NeMo-Aligner has support for accelerating RLHF with TensorRT-LLM. This can provide a significant speedup to the PPO training time when enabled. There are a few crucial flags to set when using TensorRT-LLM with Aligner.

  1. trainer.ppo.trt_llm.enable=True enables TensorRT-LLM.

  2. trainer.ppo.trt_llm.reshard=True enables on the fly pipeline parallelism resharding during inference. This essentially runs training with pipeline parallelism but inference with tensor paralleism only.

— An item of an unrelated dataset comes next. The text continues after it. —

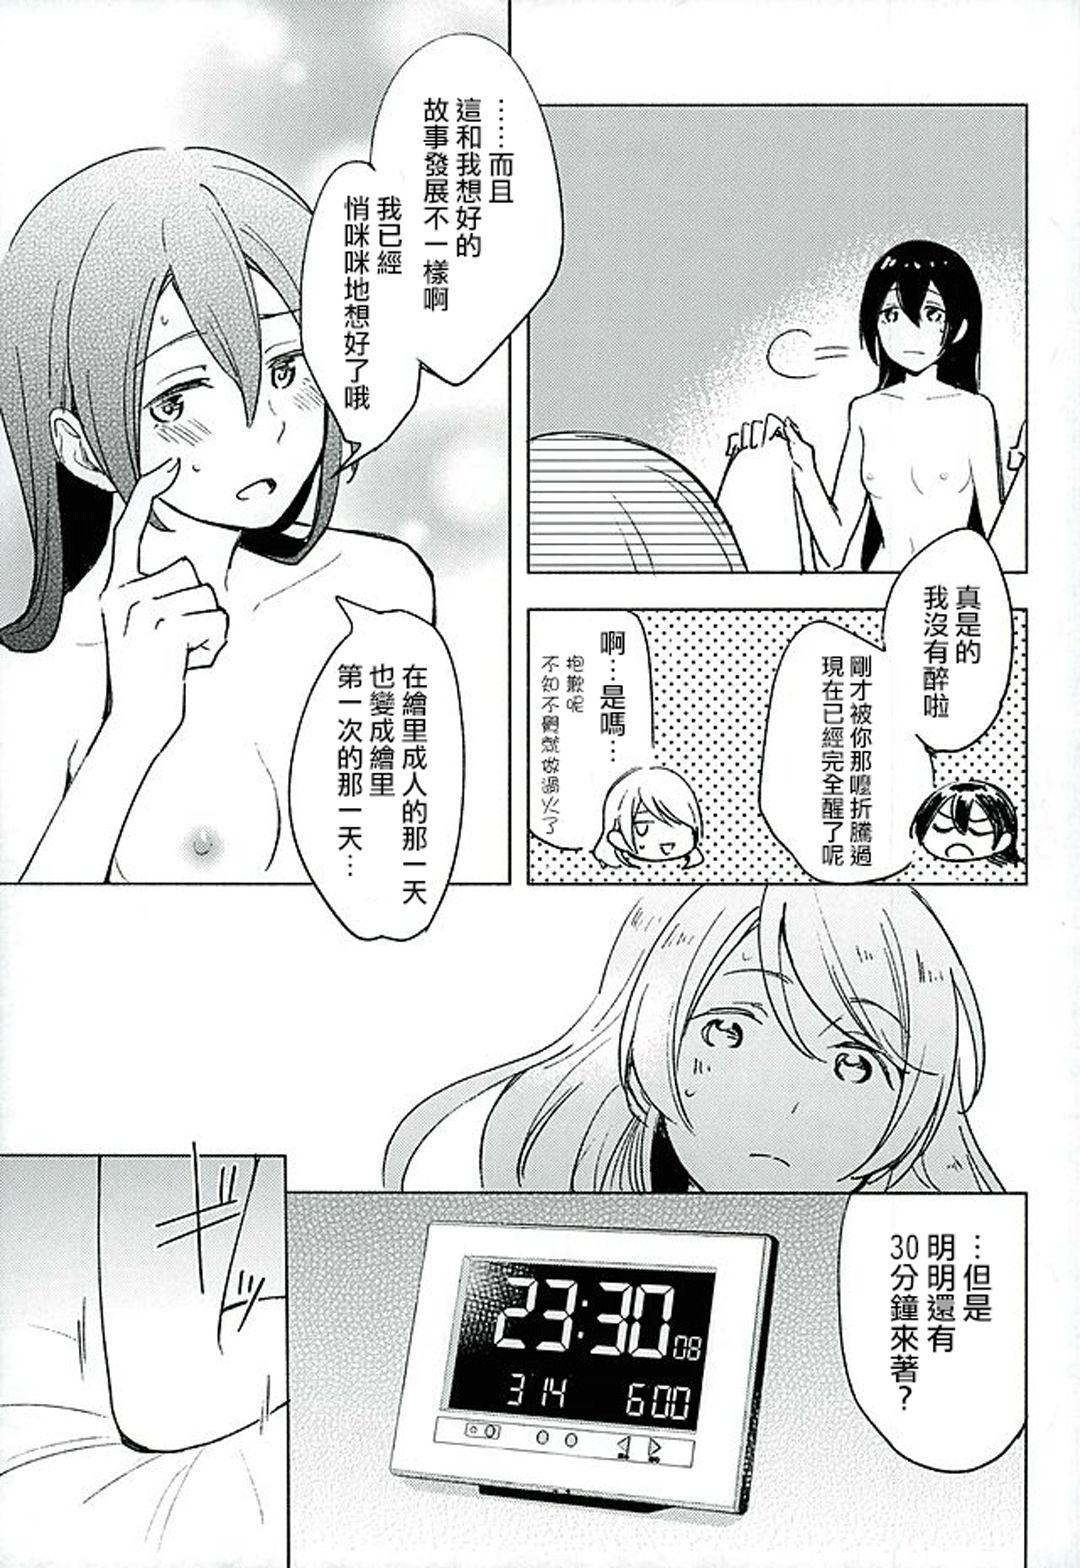 Prostitute CyanBlue - Love live Bigtits - Page 9

  3. trainer.ppo.trt_llm.unload_engine_train=False if we should unload the engine during training or not, since the engine is on GPU this frees up more memory for training but comes at a cost of loading and offloading the engine. It’s recommended to keep this False.

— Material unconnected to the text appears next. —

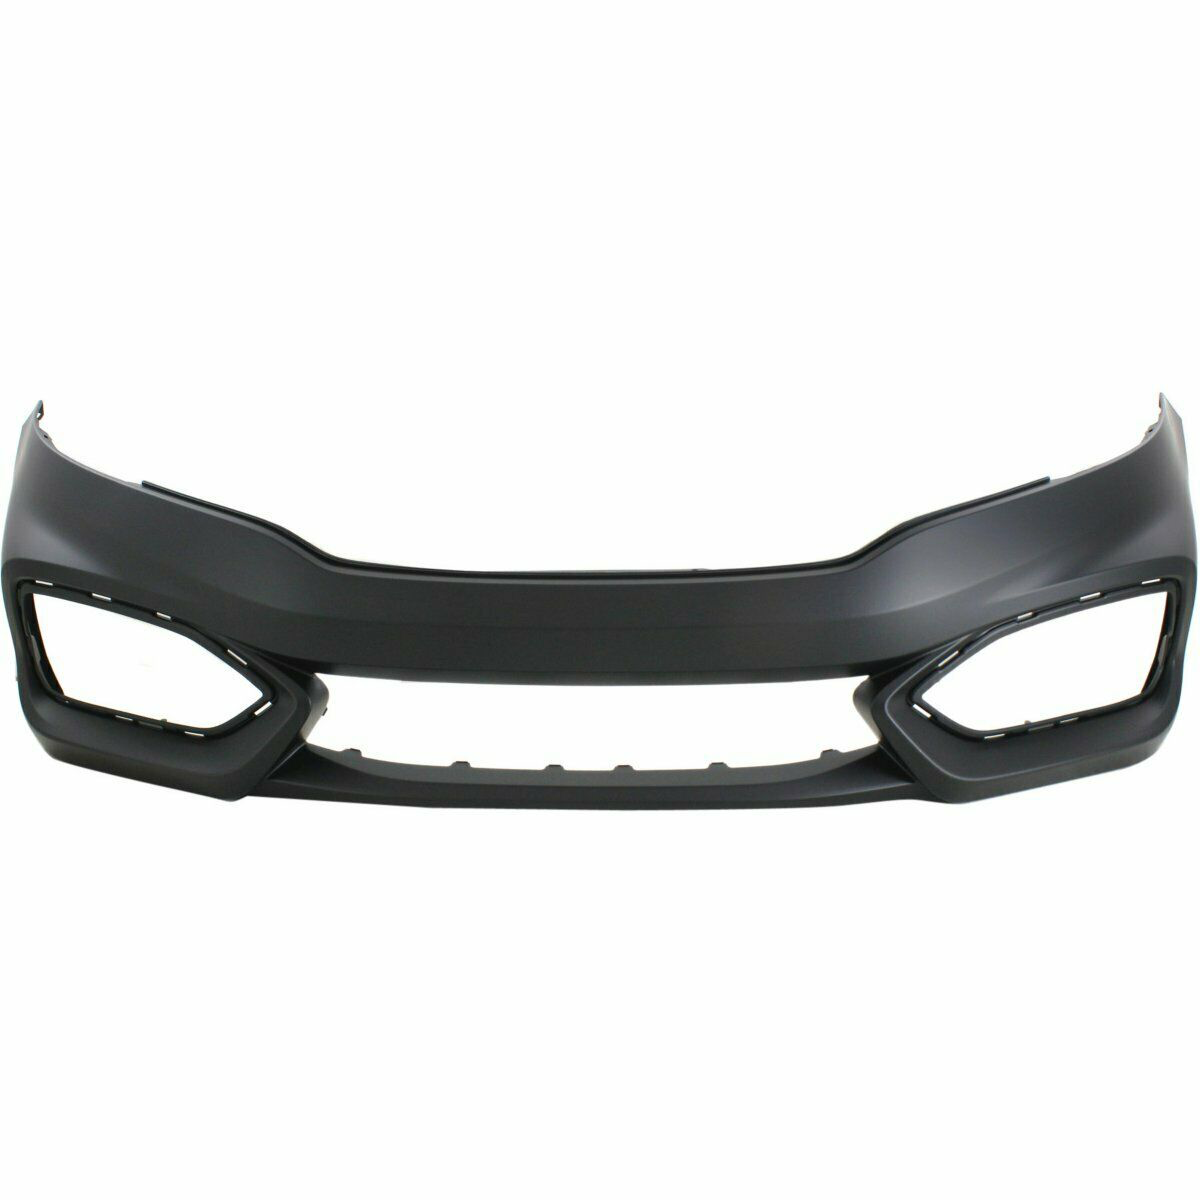 2014-2015 HONDA CIVIC COUPE Front Bumper 1.8L Painted to Match

  4. trainer.trt_llm.model_type=llama tells TensorRT-LLM which model type we want to run inference on. Must be changed for other model types, as an example for nemotron this should be gptnext.

  5. trainer.ppo.batch_iterator.use_flask=True enables a flask server to balance work across different DP workers.

For more information please see the aligner paper.

PPO Results with TensorRT-LLM

We used the TensorRT-LLM PPO integration to train the LLaMa3-70B-PPO-Chat model. This model was trained using a global batch size of 128, num_rollout_samples of 128, constant learning rate of 1e-7 and KL penalty of 3e-3. For more details please see the Helpsteer2 paper.

PPO Performance Results with TensorRT-LLM

We test the scaling of our TRT-LLM system by running llama3 70B Actor and llama3 70B Reward model on the Helpsteer2 prompts with num_rollout_samples=1024, global_batch_size=128, reshard enabled and engine offloading set to False.

Actor Node Count

Critic Node Count

Number of Tokens Generated

Step Time(seconds)

Scaling Efficiency

8

4

350.7

366.7

1

16

8

323.3

190.4

1.93

32

16

331.7

108

3.40

64

32

334

56.9

6.44

NOTE: for 64x32 config we used a rollout_micro_batch_size of 16 instead of 8 since we have more memory coming from the distributed optimizer.

PPO Results

Once you’ve completed RLHF training, you can serve your model using the megatron_gpt_eval.py script from the NeMo codebase to run more rigorous evaluation of your trained model.

Scaling the Tutorial to Bigger Models

While the tutorial above provides a way to get started with RLHF, it doesn’t represent the most optimal performance or convergence configuration. When running RLHF fully, we anticipate achieving an MT-bench score improvement of approximately +0.4 to +0.5. It’s essential to begin with a high-quality SFT model and closely monitor the response length.